South Sudan May Be on the Verge of Another Famine

(Bloomberg) -- War-torn South Sudan is at risk of relapsing into famine in early 2019, United Nations agencies and a local official said, even as rival sides vow to end almost five years of brutal conflict.

About 36,000 people in Jonglei state and the former states of Western Bahr el-Ghazal and Unity may face famine between January and March, partly due to an earlier-than-normal lean season, the national statistic bureau’s chairman, Isaiah Chol Aruai, told reporters Friday in the capital, Juba.

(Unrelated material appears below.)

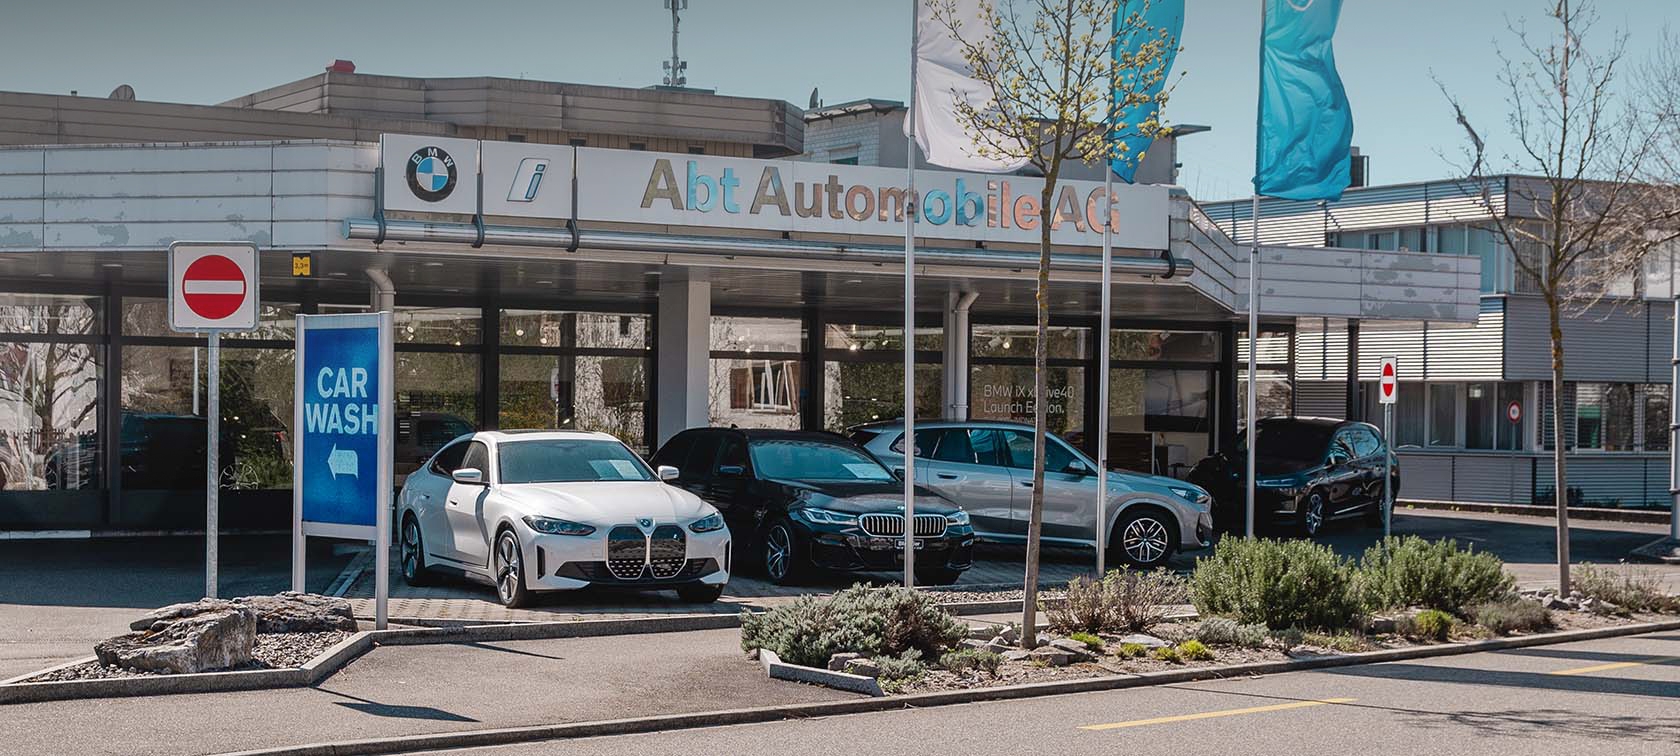 Abt Automobile BMW Service Partner in Liestal
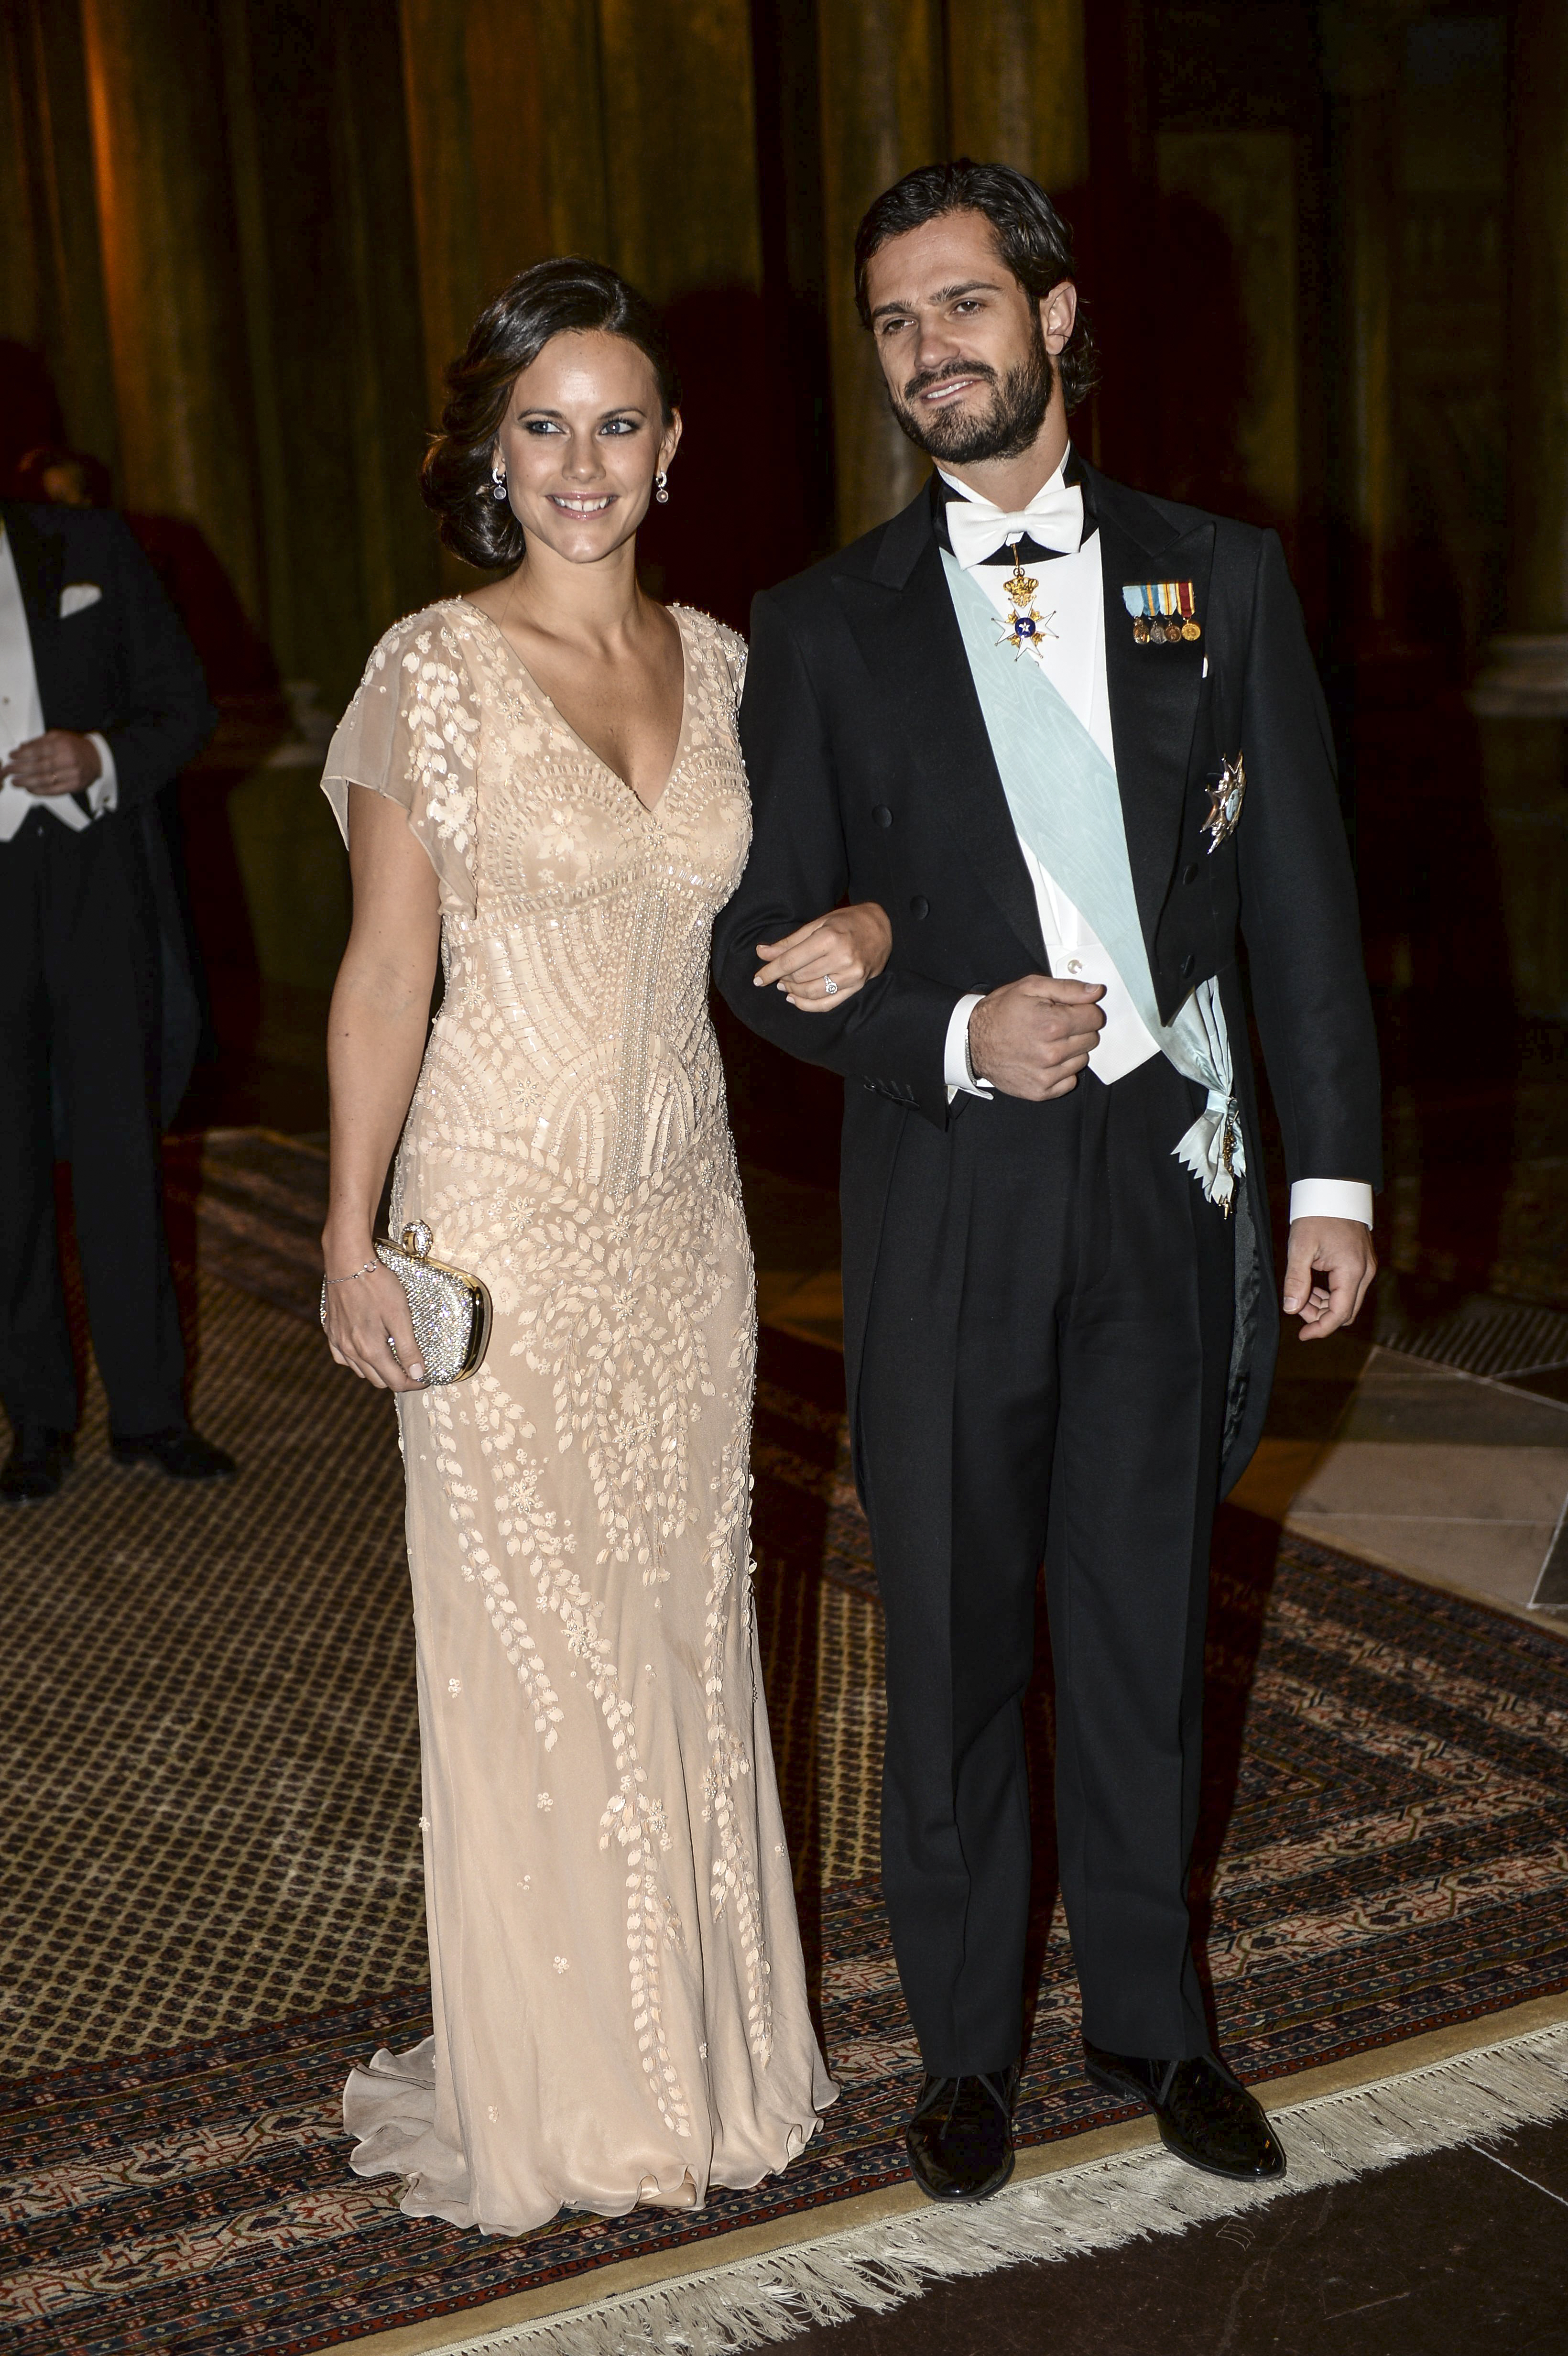 Kungliga bröllop, Bröllop, Kung Carl XVI Gustaf, Prins Carl Philip, Prinsessan Sofia, Facebook

An estimated 5.2 million people may be in a “crisis hunger situation” over the same period, he said.

The warning comes as South Sudan’s government and some rebels pledge to form a transitional government by May to end the civil war that began in December 2013 and has caused a humanitarian disaster. The bureau said the famine risk was especially high in the counties of Pibor, Leer and Mayendit -- the latter two of which fell into a famine in early 2017 that was quelled by large-scale relief efforts.

The extremely high levels of hunger are entirely caused by the conflict, Simon Cammelbeeck, the World Food Programme’s acting country director in South Sudan, said in a joint statement with other UN agencies. “We hope the latest peace deal will result in real changes on the ground,” he said.

Aruai said counties where access to humanitarian aid is limited are of the greatest concern. The return of civilians who fled fighting “may cause further pressure on already scarce resources on top of insecurity, poor harvests, lack of freedom of movement and extreme depletion of livelihoods,” he said.